§ **Task prompt**
Below are records with pictures in them. Transcribe everything from the line containing "Lightspeed at JDC 2018" down to the line containing "Ботинки-дерби La Redoute", exactly, and leave the pictures behind.
START The input
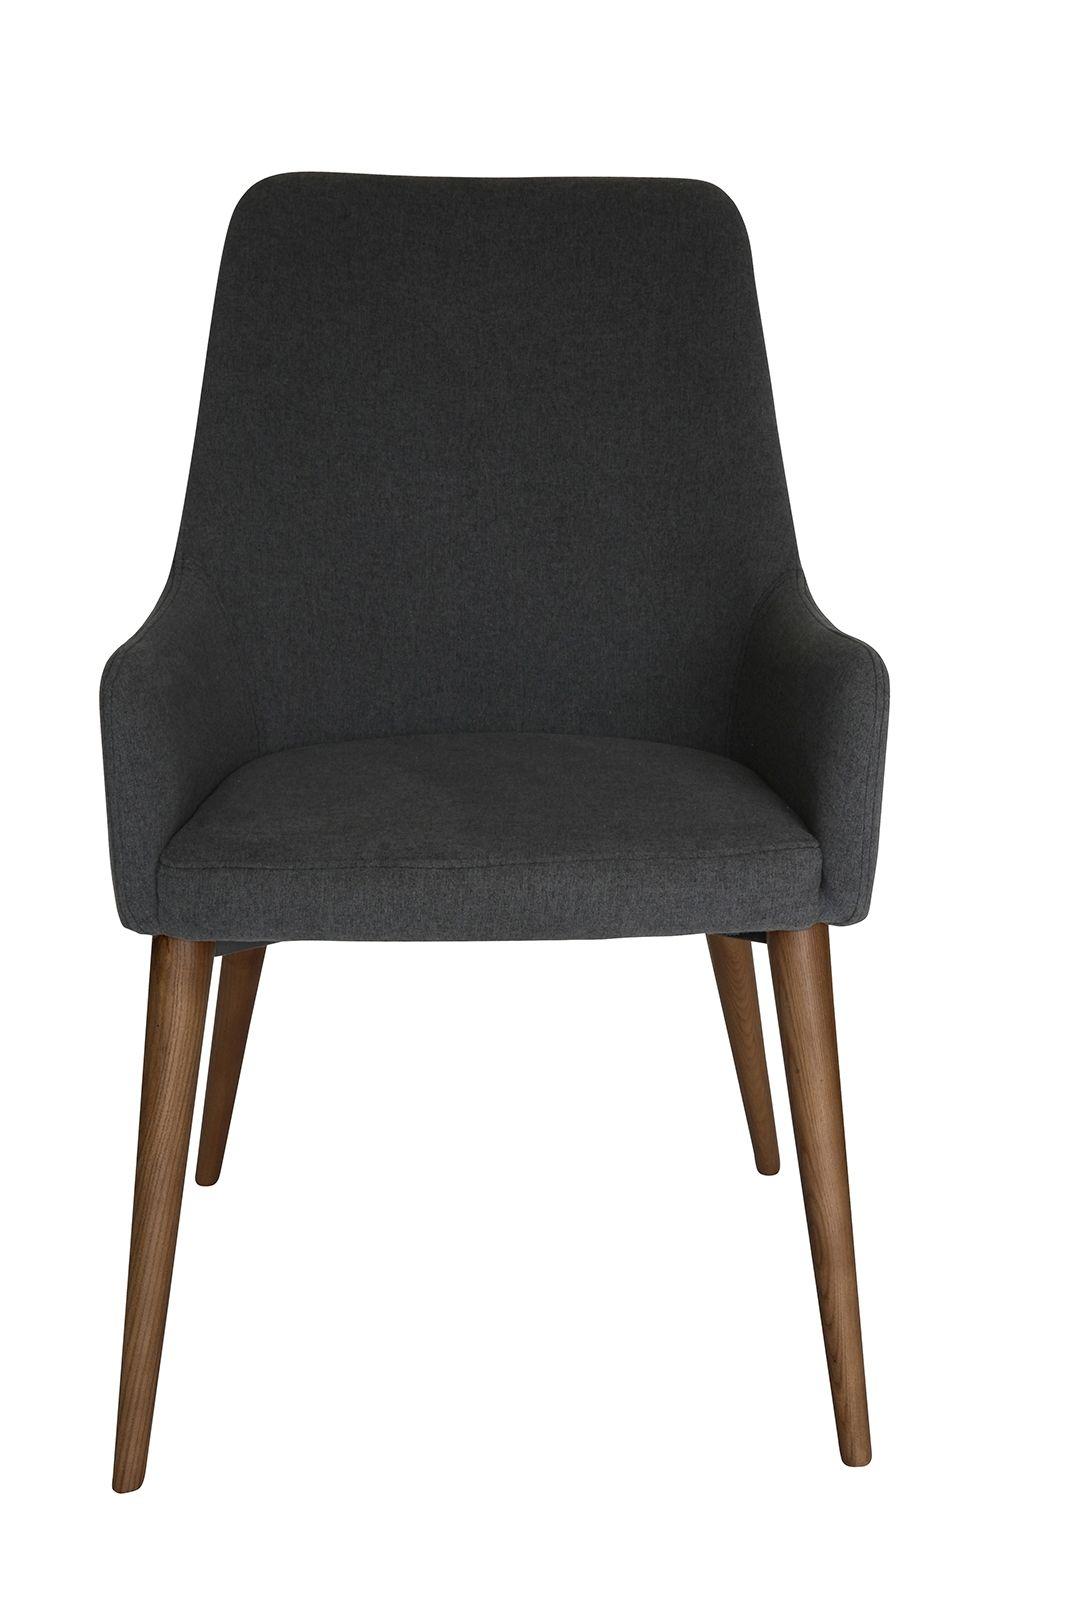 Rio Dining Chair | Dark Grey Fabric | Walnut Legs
END The input
START The input
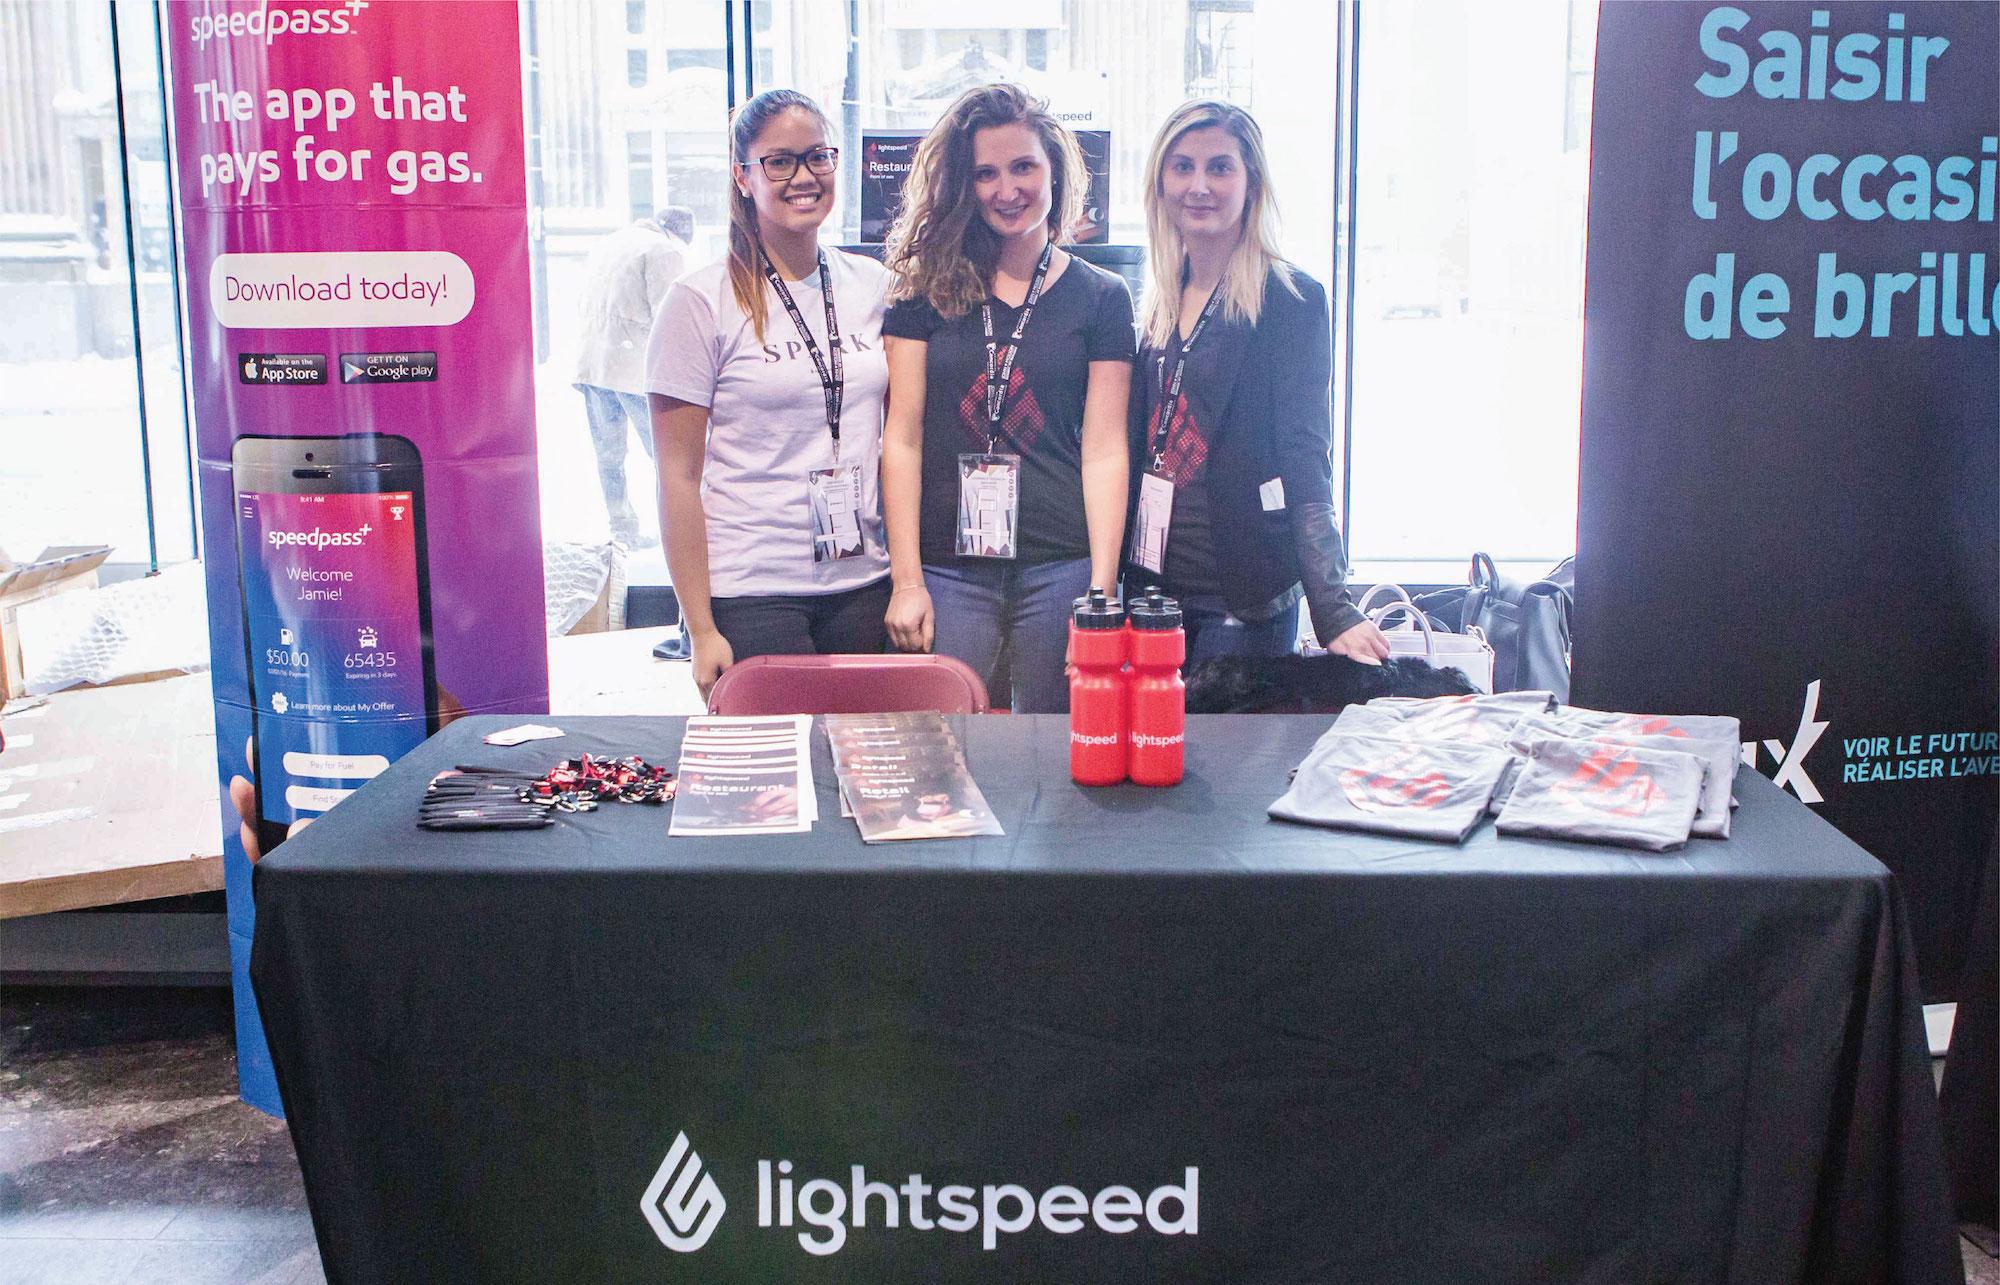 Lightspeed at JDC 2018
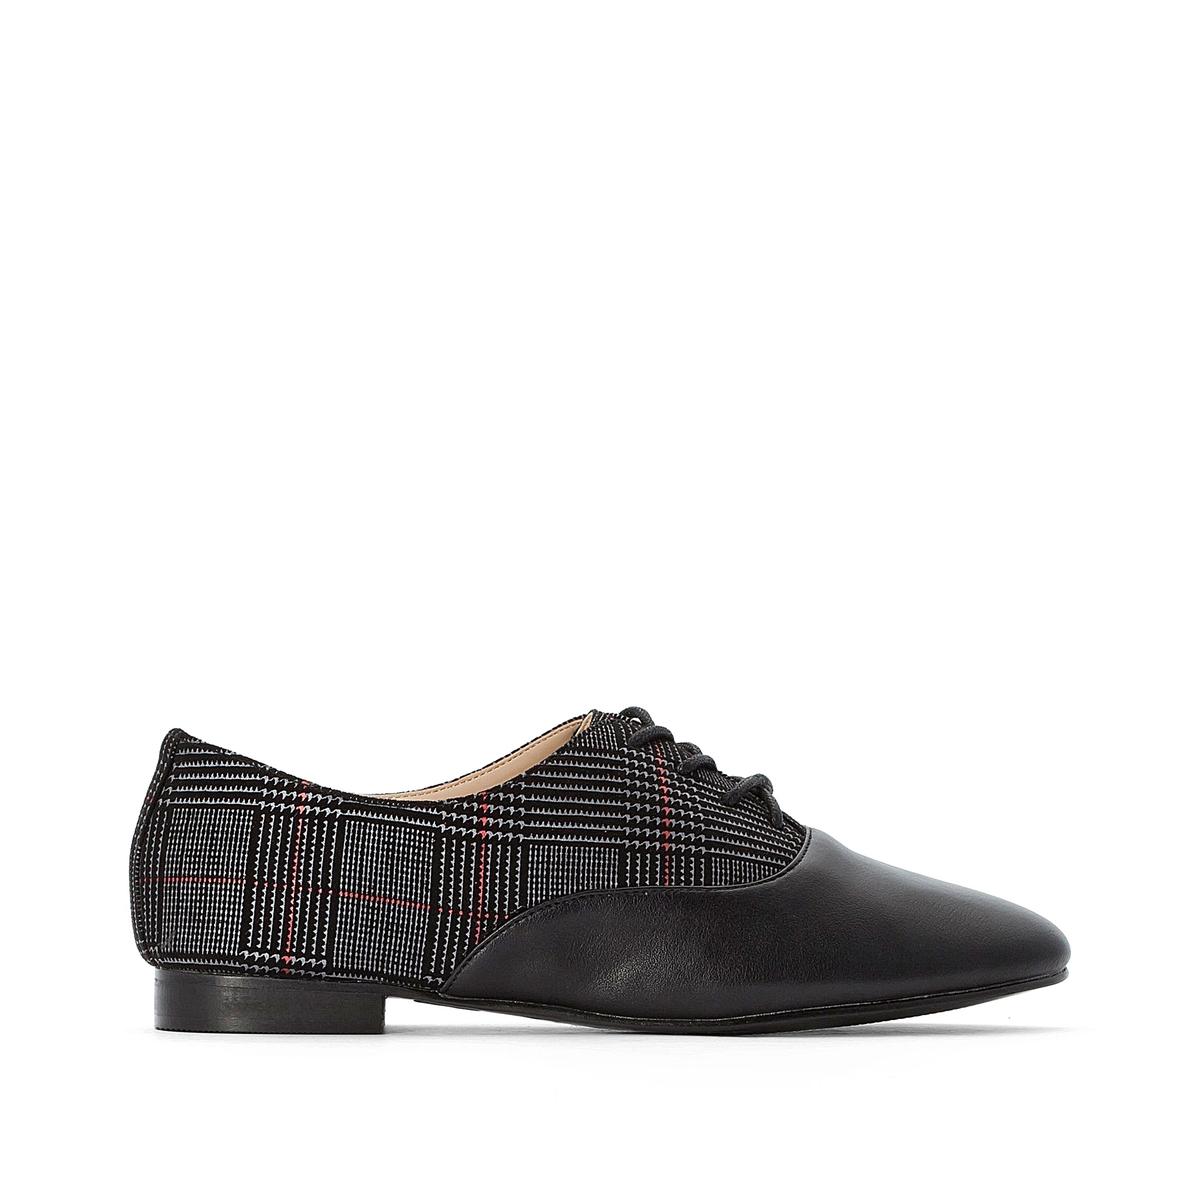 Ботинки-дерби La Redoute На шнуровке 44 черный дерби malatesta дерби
END The input
§ **Result for this task**
 Lightspeed at JDC 2018
 Ботинки-дерби La Redoute На шнуровке 44 черный дерби malatesta дерби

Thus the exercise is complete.